The gap between AI research and allocation policy is getting wider
A systematic review of AI research that actually matters for institutional allocators — week 2.
The past weeks I spent more time reading AI research than allocation reports.
That contrast is becoming interesting.
New models appear every month.
Allocation frameworks adjust slowly.
Formal policy barely moves.
Over the past weeks I searched for work that could realistically influence allocation decisions.
Not trading models.
Not product marketing.
Research that could affect Tactical Asset Allocation (short-term tilts), Strategic Asset Allocation (long-term policy weights), Capital Market Assumptions (expected return models) and ALM (asset-liability management).
Scope of the search:
1 January 2026 – 12 March 2026.
Focus on models that change inputs used by allocators, not just execution.
Four findings stood out.
First, Amundi AIP (Dynamic asset allocation: its relevance and signals for 2026)
This is not a paper but a production allocation platform.

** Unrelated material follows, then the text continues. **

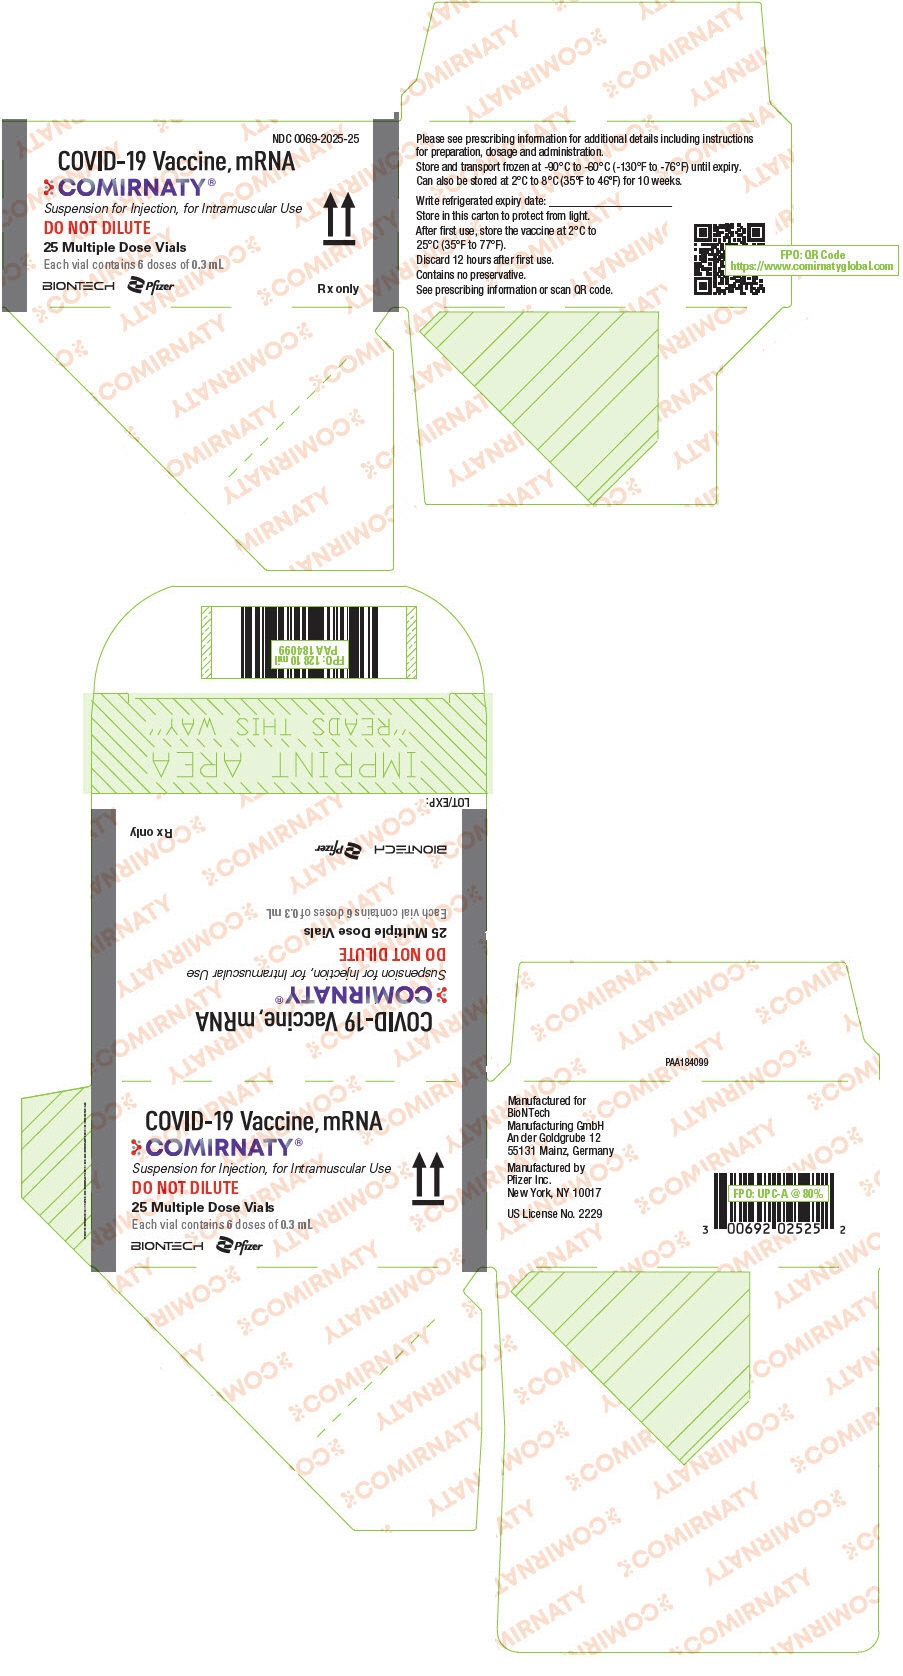 PRINCIPAL DISPLAY PANEL – 10 Prefilled Syringe Carton

Machine learning is used to classify macro regimes, model correlations and generate scenario-based portfolio weights.
The system distinguishes multiple historical regimes going back more than a century and uses those classifications to bias portfolio construction toward or away from risk.
The important point is not the technology.
Allocation inputs are already partly model-driven before a committee ever meets.
Second, AQR 2026 Capital Market Assumptions.
Strategic allocation still depends on expected return estimates.
The latest update shows how valuation models, macro data and long-horizon statistics are combined in systematic frameworks rather than judgement alone.
The result is not a new allocation rule, but a different starting point.
Return expectations for traditional balanced portfolios remain well below long-term historical averages, which directly affects how much risk allocators can justify taking.
Third, LSTM-based risk budgeting research (Nature).
Neural networks were used to model time-varying risk across multiple asset classes.
Compared with static risk parity, the dynamic approach reduced drawdowns during stress periods without increasing turnover.
That matters because many Strategic Asset Allocation models still assume stable correlations that disappear exactly when risk rises.
Fourth, LightGBM tail risk modelling (SSRN).
This work focuses on predicting extreme losses instead of average volatility.
The models improved detection of regime shifts before large drawdowns, allowing earlier reduction of portfolio risk.
For allocators this is directly relevant to ALM, stress testing and downside control.
Better tail estimates can change how much risk a portfolio is allowed to carry.
Taken together, the pattern is clear.
AI is not rewriting allocation policy.
It is rewriting the inputs used to justify that policy.
The sequence is predictable:
risk models change first,
return assumptions next,
tactical signals after that,
and formal allocation policy last.
For practitioners this is familiar.
Mandates do not change because a model improves.
They change when the evidence becomes too strong to ignore.
The evidence is accumulating faster than committees are moving.
Research is moving.
Frameworks are evolving.
Policy is slow.
The next question is not whether AI can improve allocation inputs.
It already does.
The real question is which of these models will be the first to influence an actual allocation decision, and what it will take before a committee is willing to follow.